5. Mitgliedstaaten, die sich widerwillig zu einem schmerzhaften Schuldenabbau gezwungen sehen (Negativspirale des Deleveraging, Monetarisierung der Verschuldung durch Inflationierung).

Es werden an dieser Stelle keine Vermutungen darüber angestellt, welcher EU-Mitgliedstaat welcher der fünf Phasen des Dalio'schen Langfristzyklus zugeordnet werden sollte, aber es würde nicht schaden, wenn hierüber in Brüssel oder den Hauptstädten der EU im Sinne von Alternativszenarien einmal nachgedacht würde. Die jetzige "Europa 2020"-Strategie dagegen als alternativlos hinzustellen, beschwört die Griechenlandumschuldung als Auftakt zu noch ganz anderen Krisen.

Fußnoten

1) 2007 bis 2013: 22 Prozent, für 2014 bis 2020 geplant: 25 Prozent.

2) Vgl. KOM (2010) 2020 endgültig vom 3. März 2010.

3) Download bei: http://www.bmi.bund.de/DE/VeroeffDokumente/Veroeffentlichungen/veroeffentlichungen_node.html P
4)a.a. O. Vorwort S. 4.

5)Vgl. die in Abbildung 2 zitierte LSE Studie S. 43.

6) Das im zweiten Krisenjahr 2008 privat initiierte und finanzierte Institute for New Economic Thinking (INET) bietet diesem Engagement ein Sammelbecken. Das INET veranstaltete Mitte April 2012 in Berlin einen Kongress unter dem Motto "Paradigm Lost": http://ineteconomics.org/conference/berlin/program

7) Vgl. Ray Dalio/Man and Machine/The economic ideas of the world's most successful hedge-fund boss. In: The Economist, March 10th, 2012, pp. 70.

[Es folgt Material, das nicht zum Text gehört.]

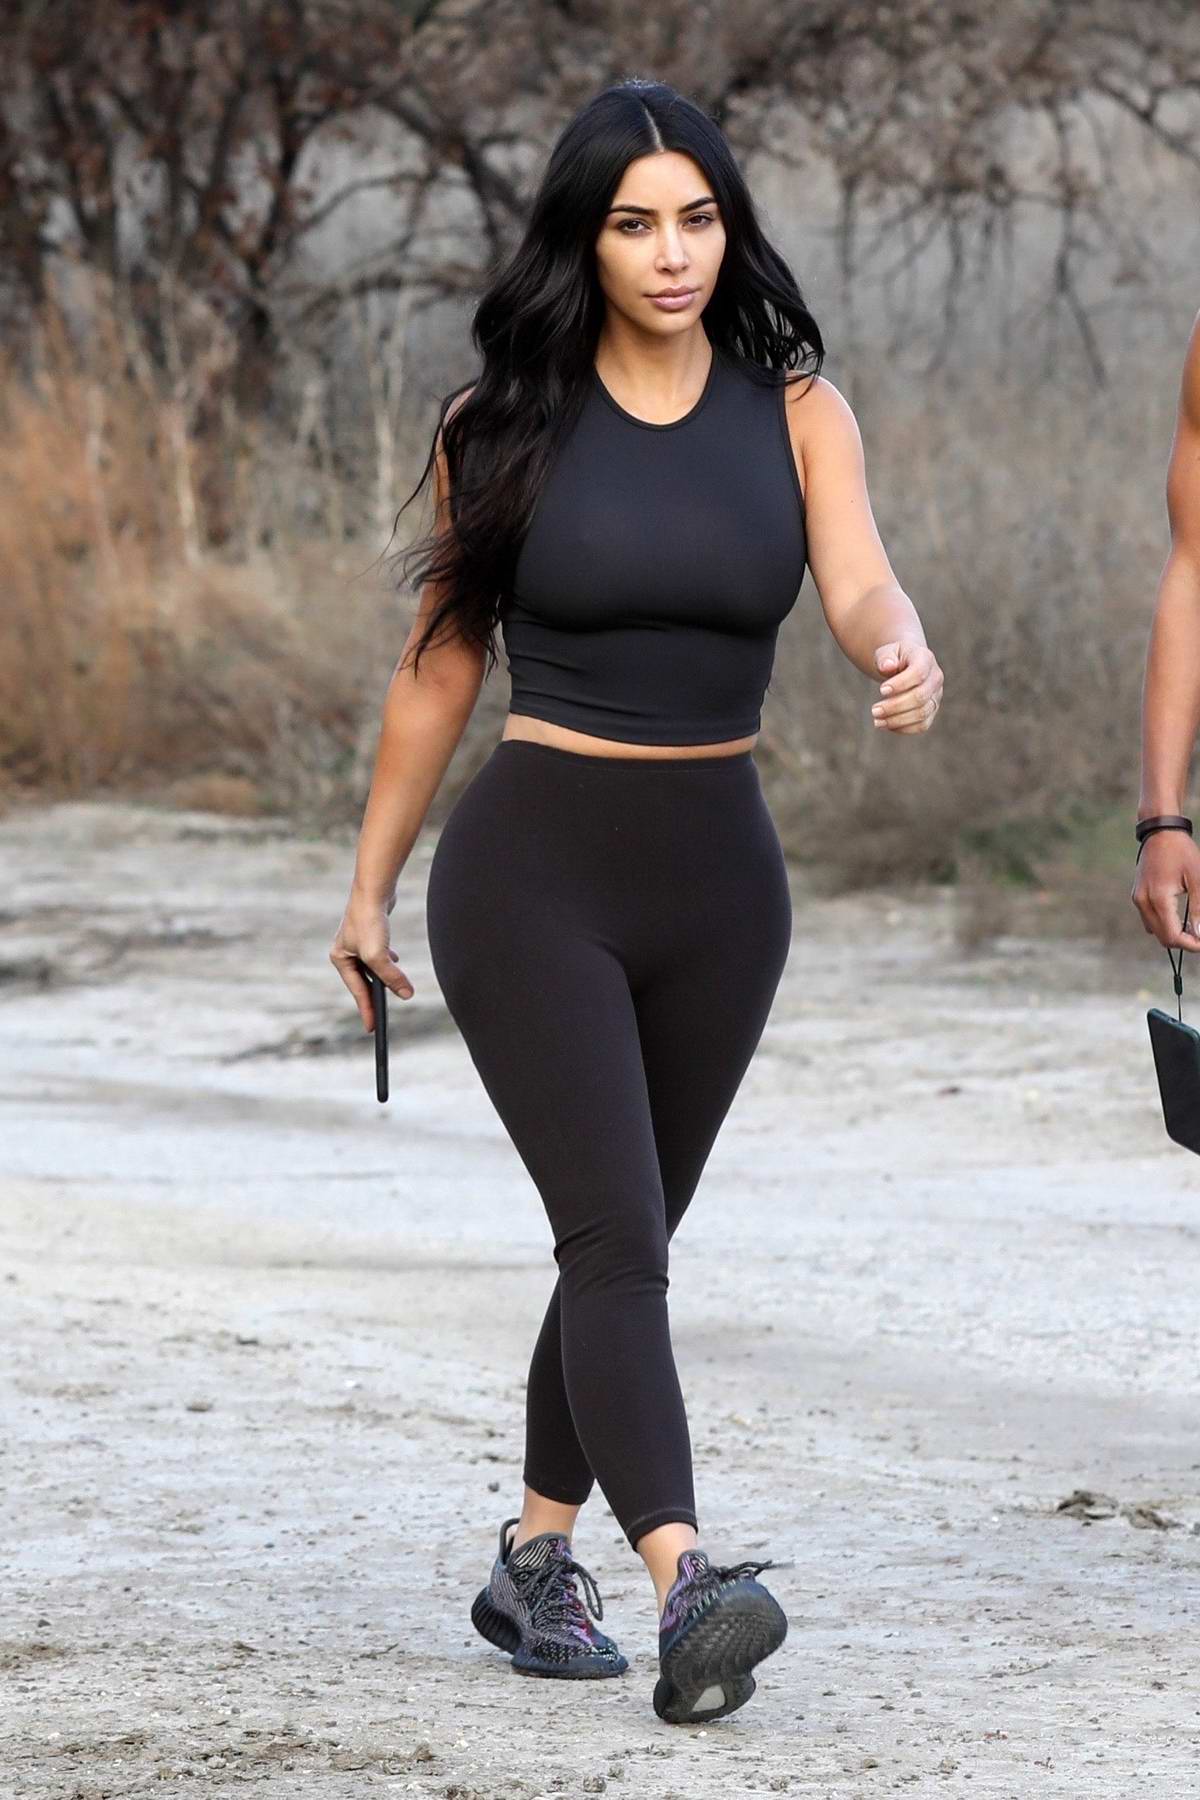 Kim Kardashian sports a black crop top and leggings as she steps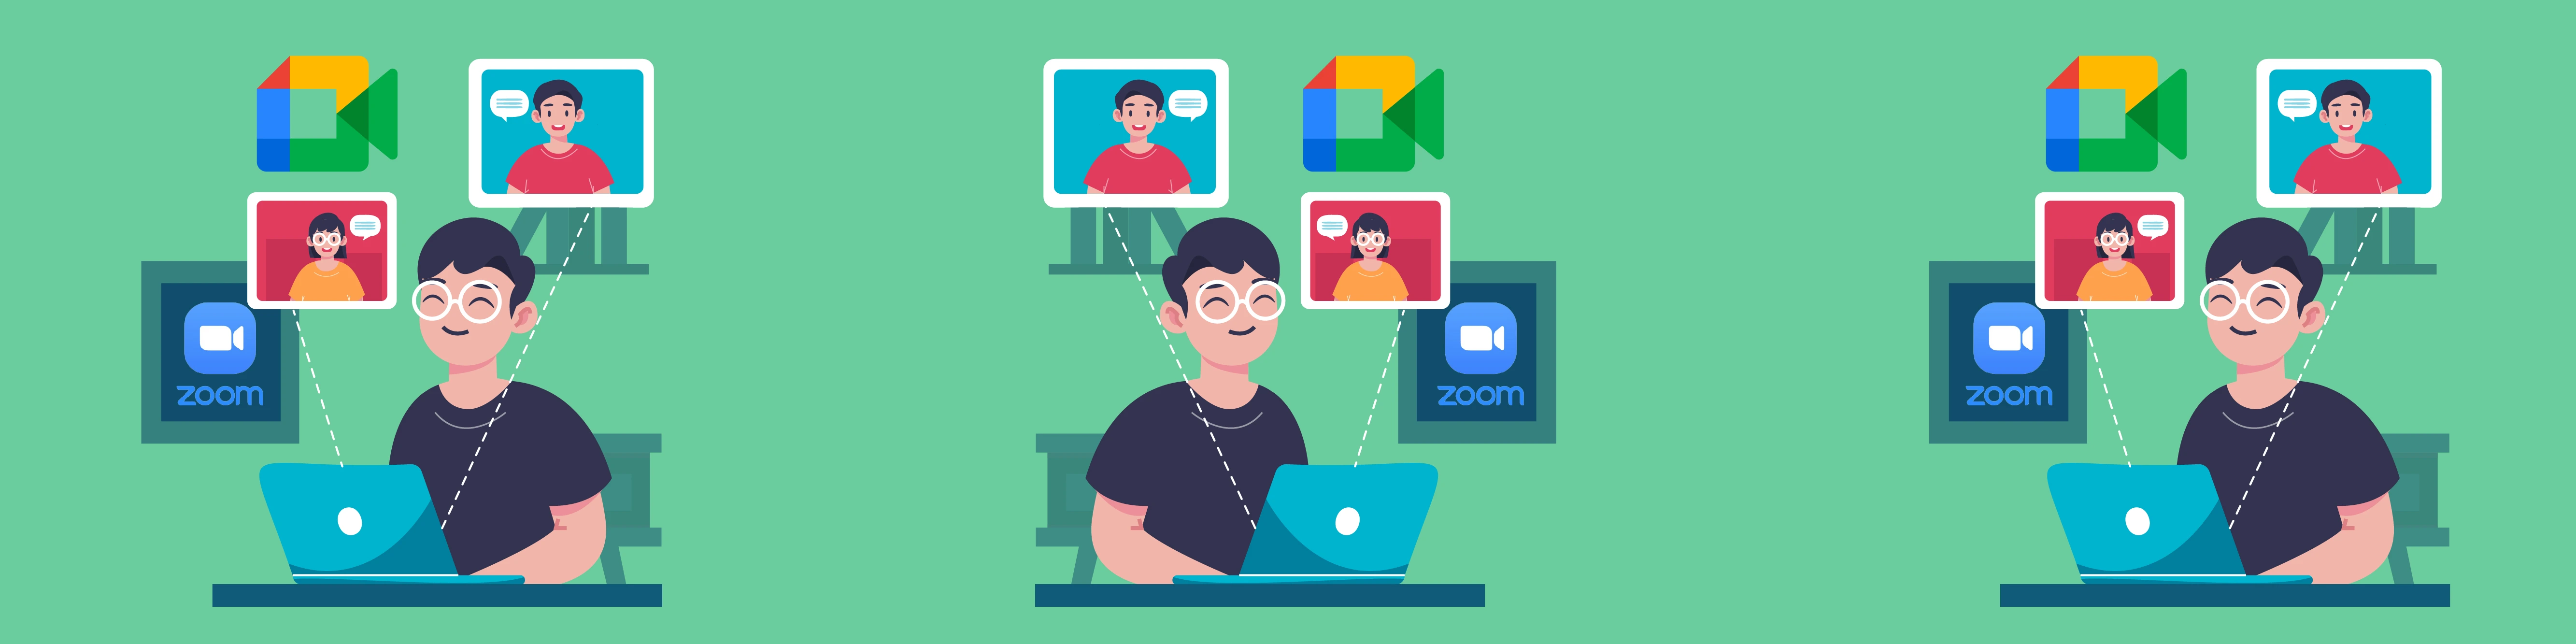 Jasa Tambah Viewer Webinar (Google Meet, Zoom, Dll)

8) Vgl. Mastering the Machine. In: The New Yorker, July 25th, 2011 online: http://www.newyorker.com/reporting/2011/07/25/110725fa_fact_cassidy

9) Vgl. Ray Dalio: Why Countries Succeed and Fail Economically. Download unter: http://www.bwater. com/home/research--press/a-template-forunderstanding--papers.aspx; Ähnlich Prof. Wendy Carlin vom University College London und Centre for Economic Policy Research am 13. April 2012 auf dem Berliner INET-Kongress in ihrem Beitrag: The Future of Europe - North and South. Download über Link bei Fußnote 6.